1. a kind of method based on the fraud of graph model detection clique, which is characterized in that the described method includes:

Obtain user base data and history suspicion user data；

According to the data of acquisition, user-association figure is generated；Wherein, the node of the user-association figure is to be generated according to data characteristics User-association subgraph, the side right of the user-association figure includes the similarity of node again；

Calculate the suspicion degree of clique's set to be determined；

2. the method according to claim 1, wherein the generation user-association figure, comprising:

Generate user-association subgraph and using feature consistency is equal or ambiguity equivalent way is corresponding with user-association Figure is that node splicing generates user without weighted associations figure；

3. according to the method described in claim 2, it is characterized in that, described generate clique's collection to be determined using community's partitioning algorithm It closes, comprising:

Clique set is determined as clique's set to be determined.
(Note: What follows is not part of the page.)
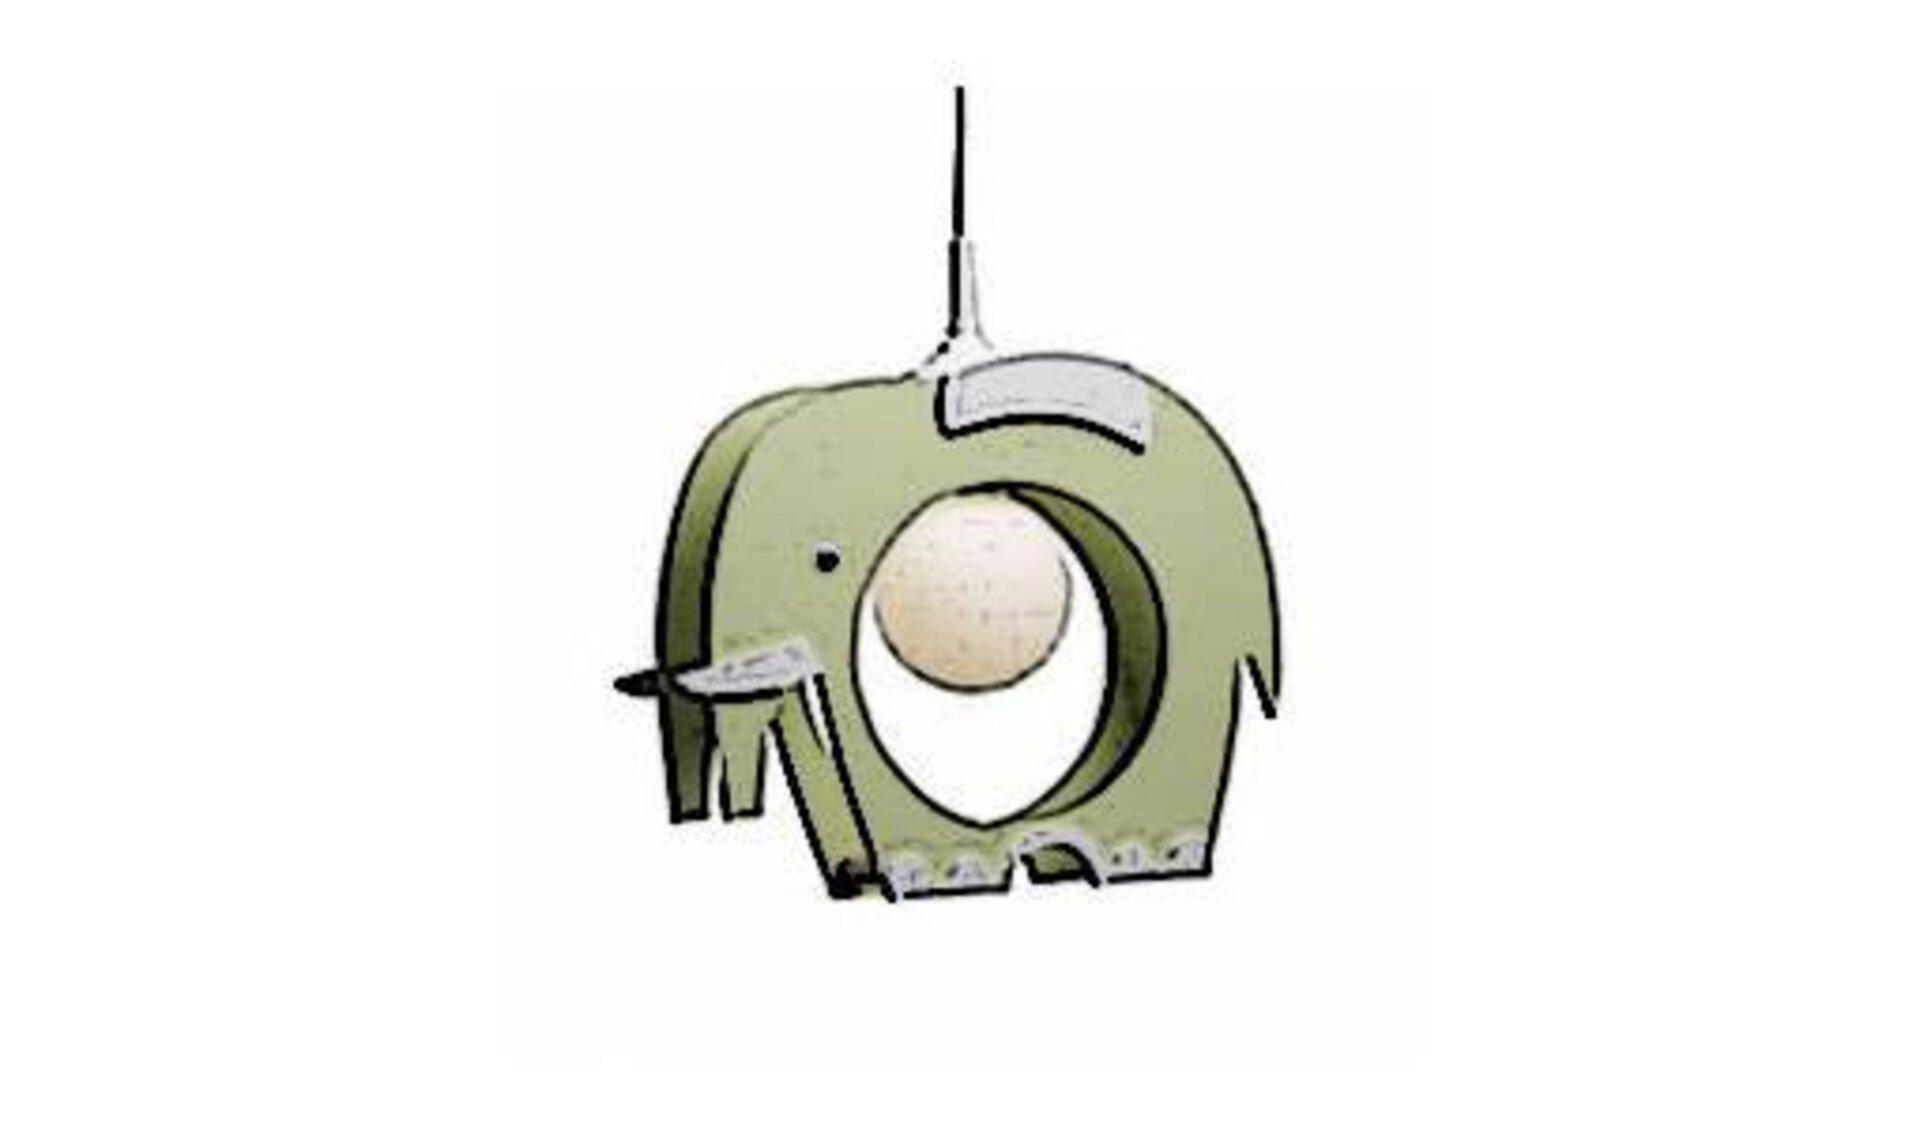 Icon für Kinderleuchten zeigt einen Holzelefanten mit runder Lampe im ausgeschnittenen Bauch.

4. according to the method described in claim 3, it is characterized by further comprising:

The clique's set for being greater than the very big threshold value to number of users calls community's partitioning algorithm to be divided so that the clique Number of users is less than or equal to the very big threshold value in set；

If the quantity that the clique that number of users is less than minimum threshold value gathers is greater than the preset threshold, hierarchical clustering is called to calculate The clique set that method is less than minimum threshold value to number of users is condensed.

5. according to the method described in claim 4, it is characterized in that, community's partitioning algorithm include icon label propagation algorithm or GN algorithm；The hierarchical clustering algorithm includes agglomerative algorithm or splitting algorithm.
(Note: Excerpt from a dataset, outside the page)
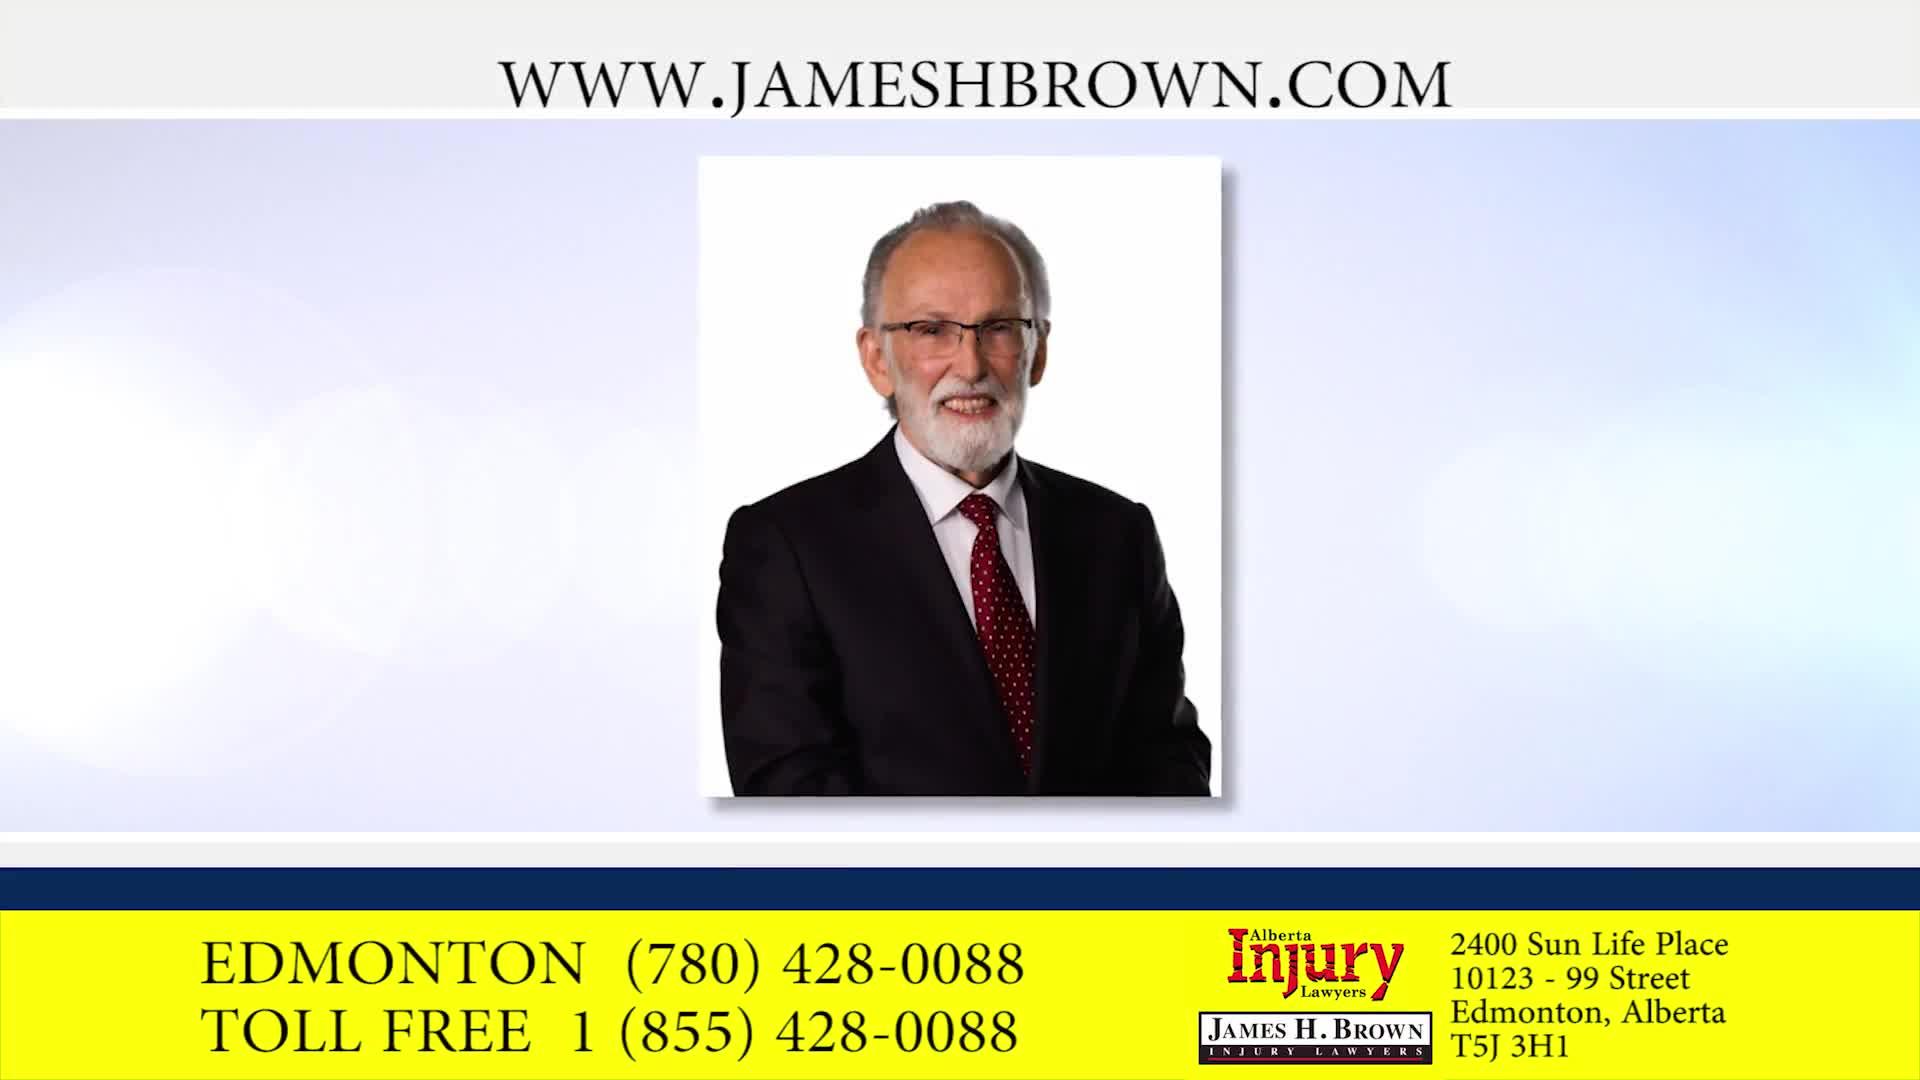 Alberta Injury Lawyers - Personal Injury Lawyers - 1-844-280-7057

6. the method according to claim 1, wherein the suspicion degree for calculating clique's set to be determined obtains Point, comprising:

Target data feature is chosen from the data characteristics, the target data feature is in clique's set to be determined Distribution is more than targets threshold with distributional difference of the target data feature in overall data；

According to accounting of the target data feature in clique's set to be determined, clique's set to be determined is calculated Suspicion degree score.

7. the method according to claim 1, wherein the suspicion degree for calculating clique's set to be determined obtains Point, comprising:

Extract clique's feature of each clique's set to be determined；

Clique's feature is inputted in trained regression model so that regression model output clique's collection to be determined The suspicion degree score of conjunction.
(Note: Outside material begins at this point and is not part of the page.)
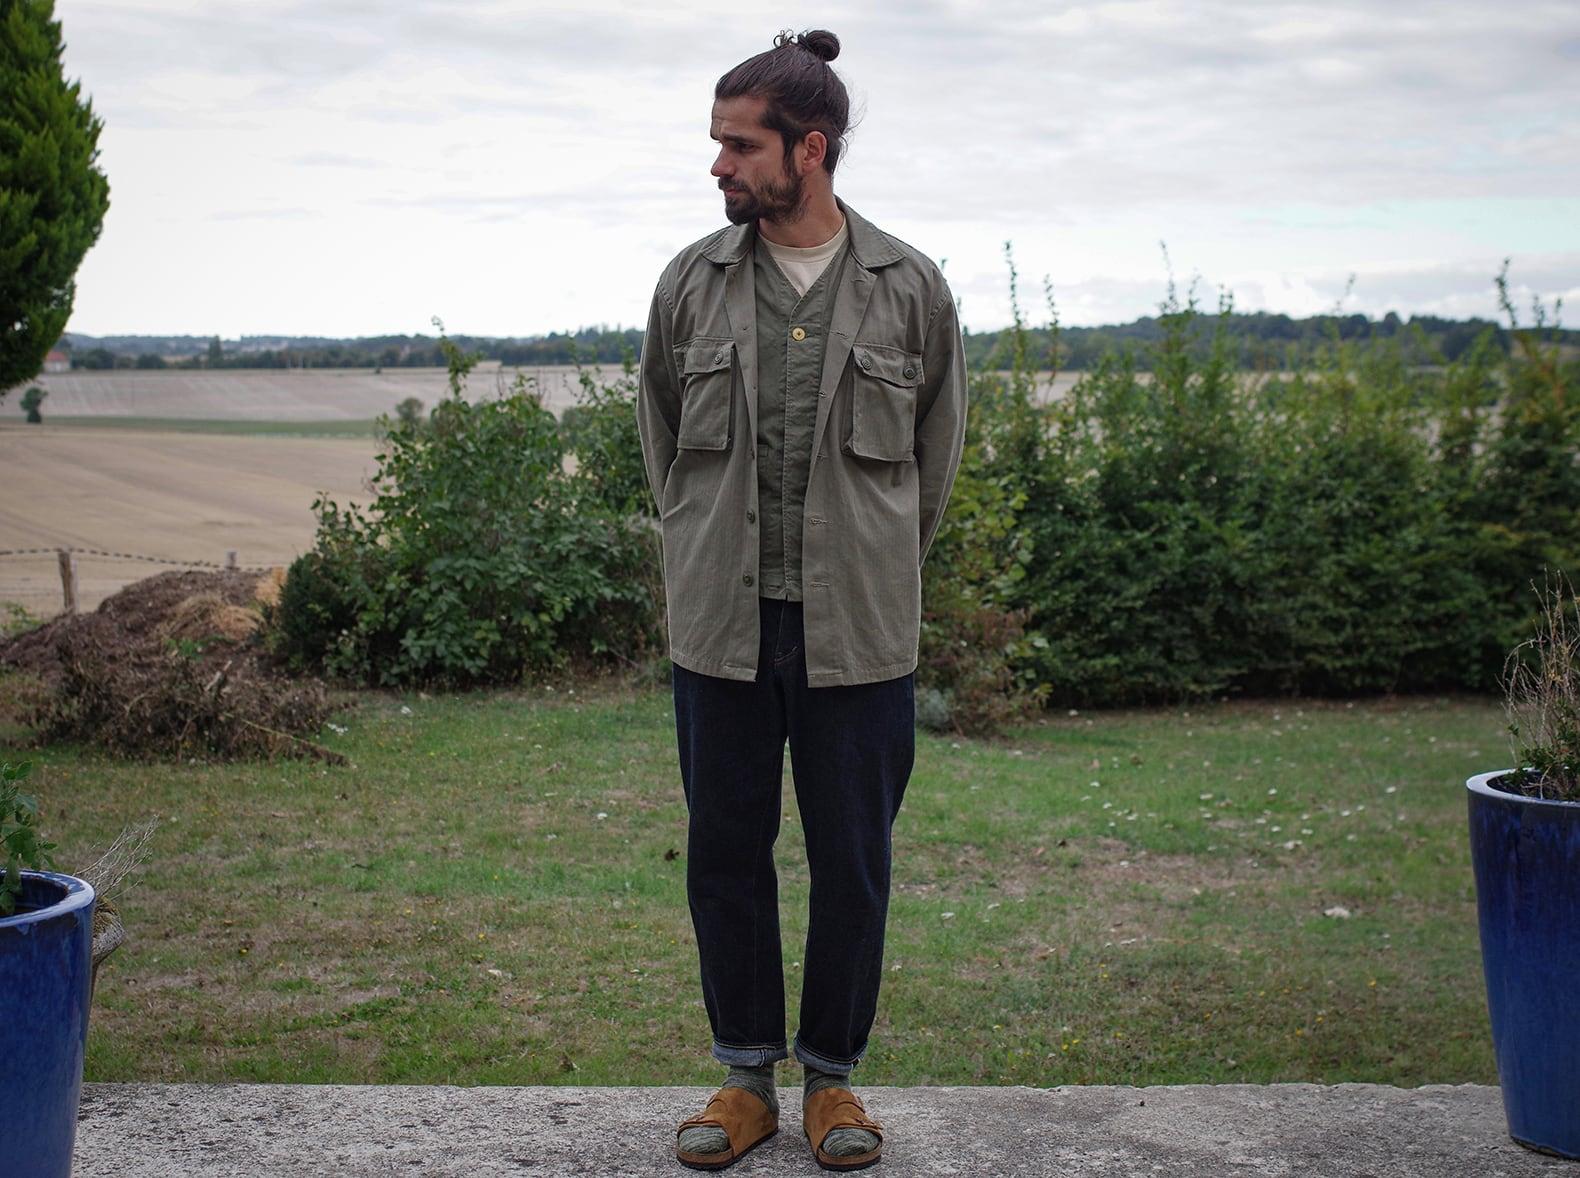 idée de look avec surchemise militaire arashi denim et jean ocupe tapered conseil style look homme

8. a kind of device based on the fraud of graph model detection clique, which is characterized in that described device includes:

Module is obtained, for obtaining user base data and history suspicion user data；

First generation module generates user-association figure for the data according to acquisition；Wherein, the node of the user-association figure Side right for the user-association subgraph generated according to data characteristics, the user-association figure includes the similarity of node again；

Second generation module generates clique to be determined using community's partitioning algorithm and gathers for being based on the user-association figure；

9. a kind of computer readable storage medium, is stored thereon with computer program, which is characterized in that the program is held by processor The step of any one of claims 1 to 7 the method is realized when row.

10. a kind of device based on the fraud of graph model detection clique characterized by comprising

Memory is stored thereon with computer program；And

Processor, for executing the computer program in the memory, to realize any one of claims 1 to 7 institute The step of stating method.